Recently I spent the weekend with a friend of mine who leads corporate development for a billion-dollar company. His job is to manage a team that buys small companies and tries to integrate them into the mother ship. He estimates his team has led a dozen or so acquisitions in the last two years.
Providing a rare and candid glimpse inside the mind of an acquirer, my friend agreed to speak with me–on the condition of anonymity–about the typical deal, and why some work and others don’t.
Can you outline the typical formula you use to buy a company?
We try to limit our risk as much as possible by putting a significant portion of the deal in an earn-out, which we only pay if the entrepreneur meets the objectives we set for them.
What do you mean by 'significant'?
At least half.
So how do you structure the earn-out payments?
We agree to a set of revenue and EBITDA targets over a three-year period and then reward the owner(s) for hitting their plan. We typically put fifty percent of the value of the earn-out in year three; thirty percent in year two; and twenty percent for hitting the first year's plan.
What percentage of the owners last for the full length of their earn-out?
Most stick it out because such a lot of money is at stake. But it can get acrimonious.
What kinds of issues come up during the earn-out?
Typically it comes down to how we, at headquarters, make decisions that affect individual operating units. For example, we charge the P&L of each of our business units with a variety of expenses that can drag down the profitability of an individual business unit.
What else goes wrong?
It often comes down to the soft issues. Our CEO takes the position that he has just cut a big cheque and expects the founder(s) to make an effort to be a team player. The entrepreneurs usually take the position that they have just left a lot of money on the table in an earn-out and they expect the company to do the work to make the new relationship gel. Both parties think the other should be making the majority of the effort, and it can be a recipe for problems.
What happens when things go wrong?
In the worst case scenario, the company we have bought does not integrate and essentially runs as its own business. Every conversation with the founder(s) starts with them asking the question, "How is this going to affect my earn-out?"
If there are so many issues with an earn-out, why do you still use them as the primary formula for acquiring a company?
Our CEO used to be our CFO. He's in his early sixties and this will be his last big job. He's a numbers guy and he thinks first and foremost about risk avoidance. If it comes down to pursuing an opportunity or avoiding a risk, he’ll choose risk avoidance ten times out of ten.
Isn't it a problem if your acquisitions fail to integrate?
Yes, it's a major problem. We're batting five hundred right now–for every success we have at least one failure.
So what advice would you have for a business owner considering an offer from an acquirer?
First off, I think the standard three-year earn-out is too long. We still use it, but by the third year everyone is ready to move on. I'm trying to get our company to move to a two-year earn-out.
What else would you caution business owners about?

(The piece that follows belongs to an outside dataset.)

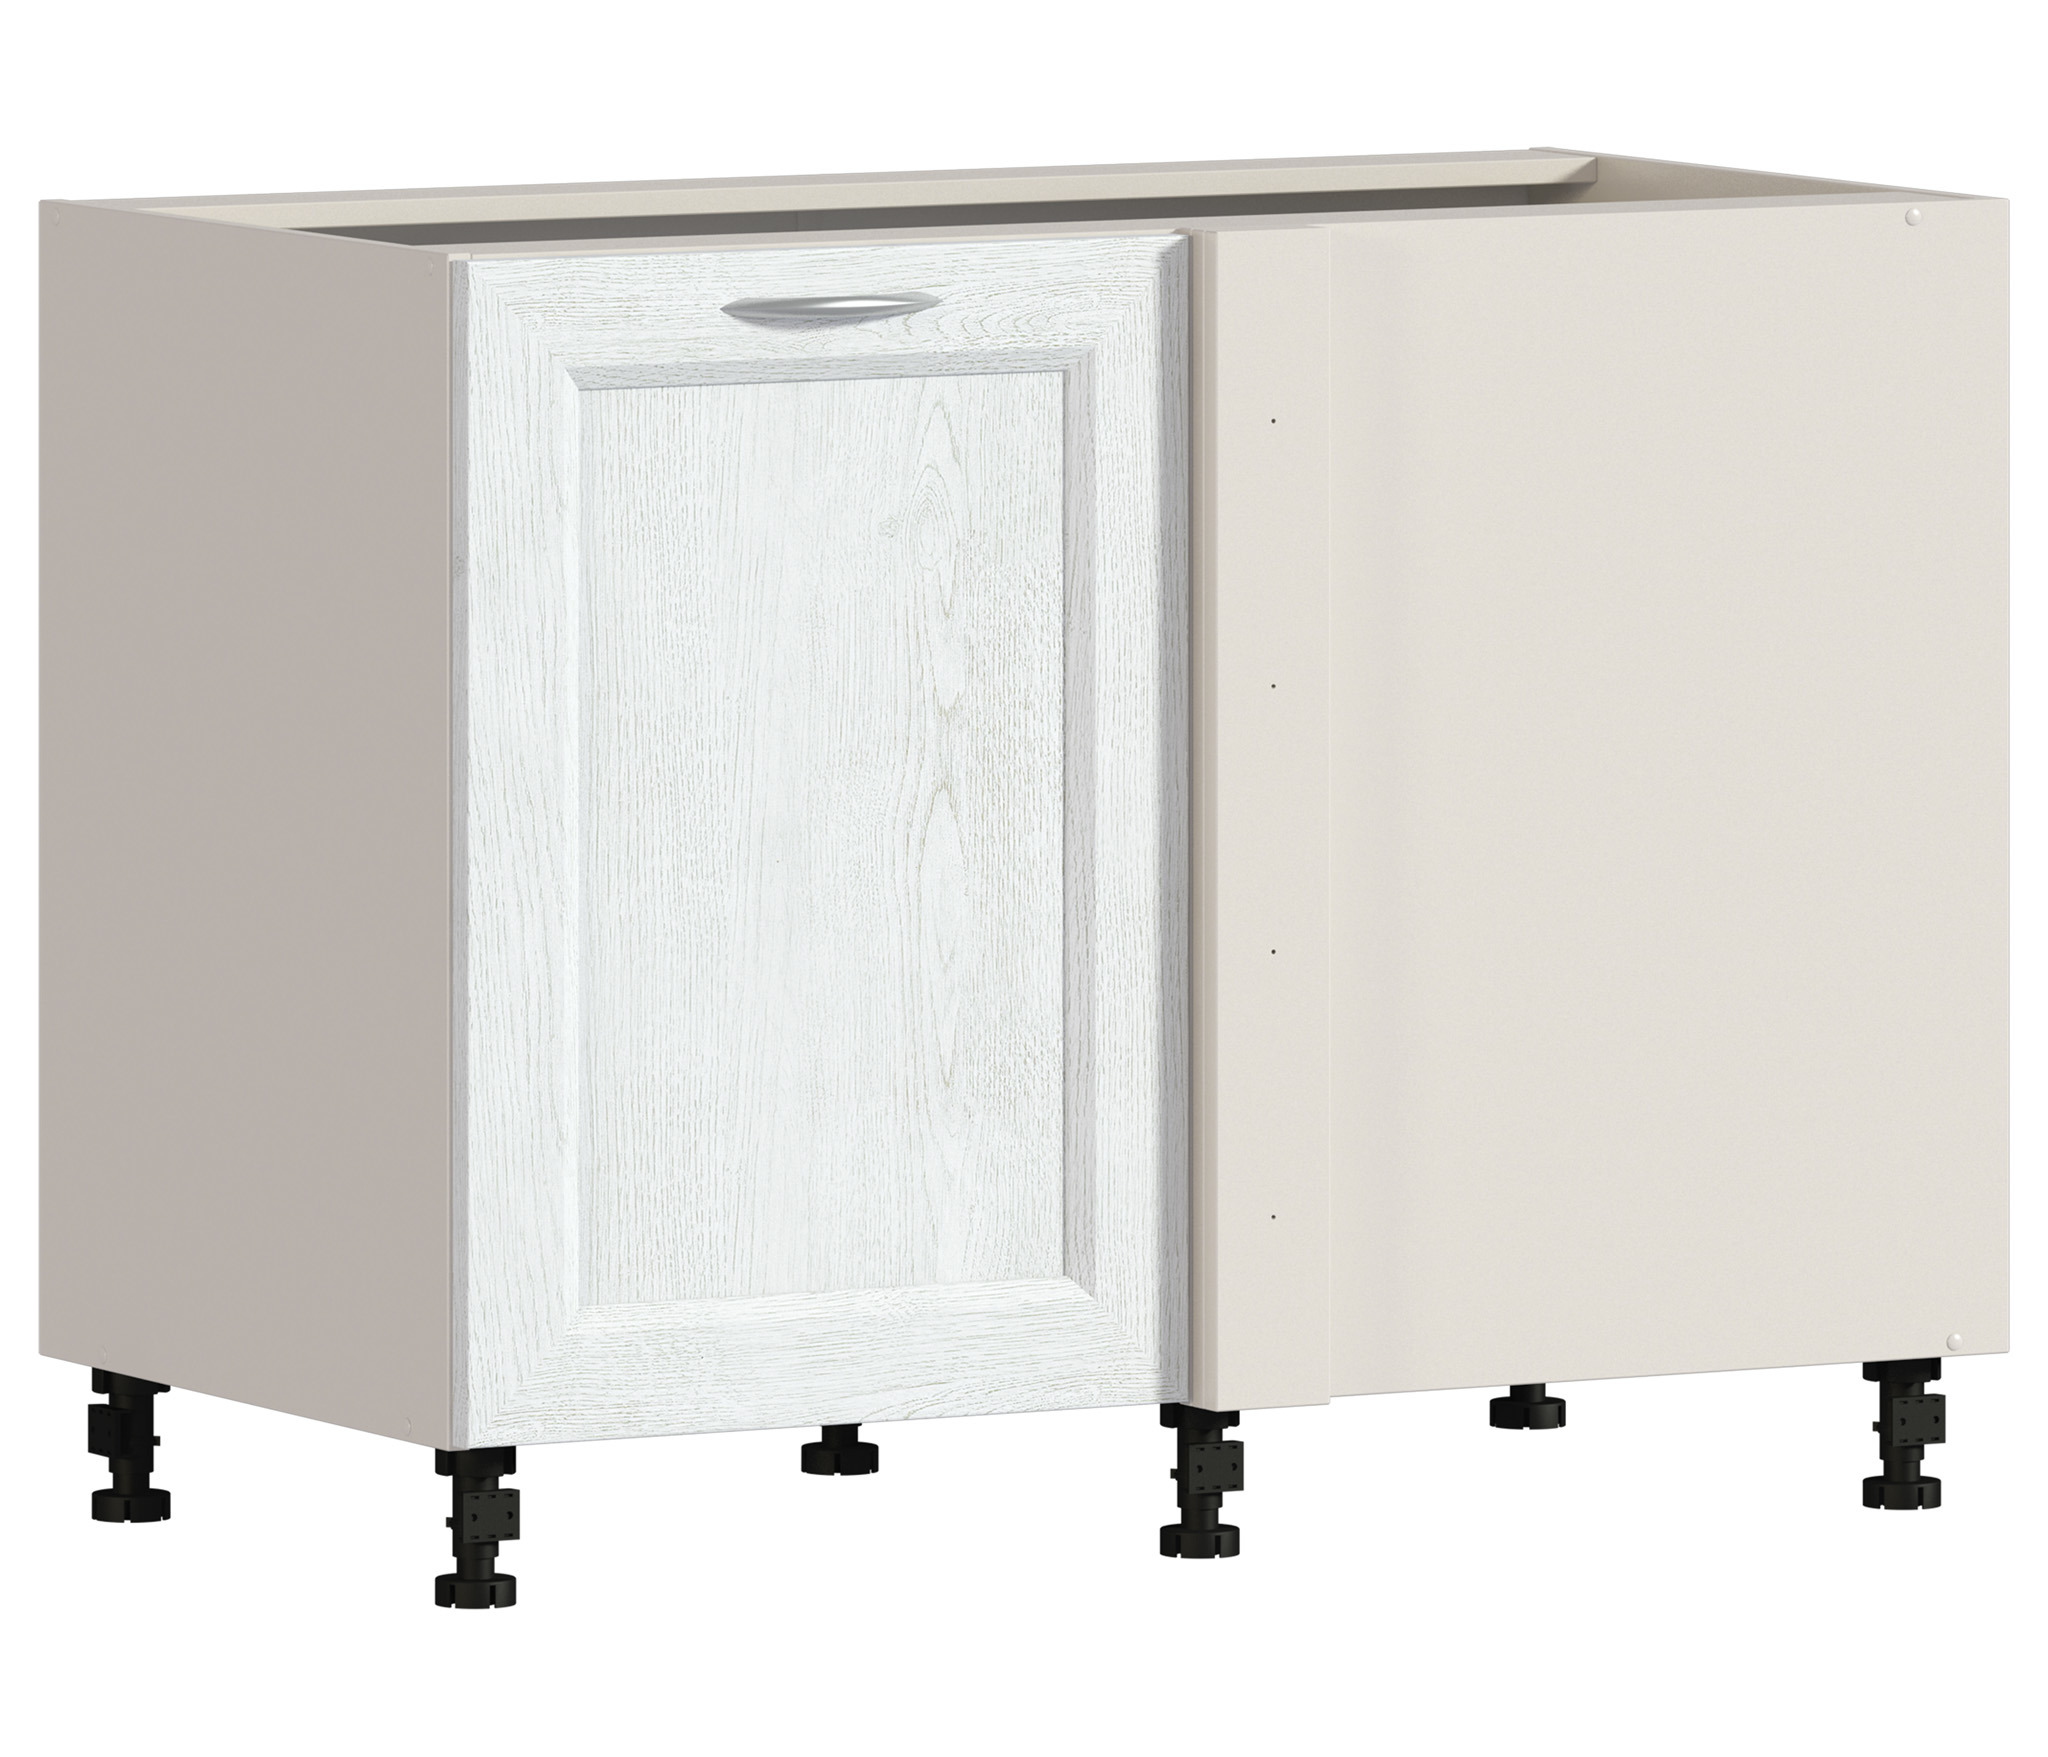 Регина РСП-100 стол приставнойГарнитуры<br><br><br>Длина мм: 1087<br>Высота мм: 820<br>Глубина мм: 563

Realize your business life is going to be different as a division of a big company; you can no longer make decisions unilaterally. You have to get used to working as a member of a team and occasionally putting the team's needs ahead of your own. Finally, before you agree to anything, ask the acquirer what the company is prepared to do to help you hit your objectives. Challenge them and listen hard to what they commit to. Based on how they answer this question, you can predict a lot about what life will be like after an acquisition.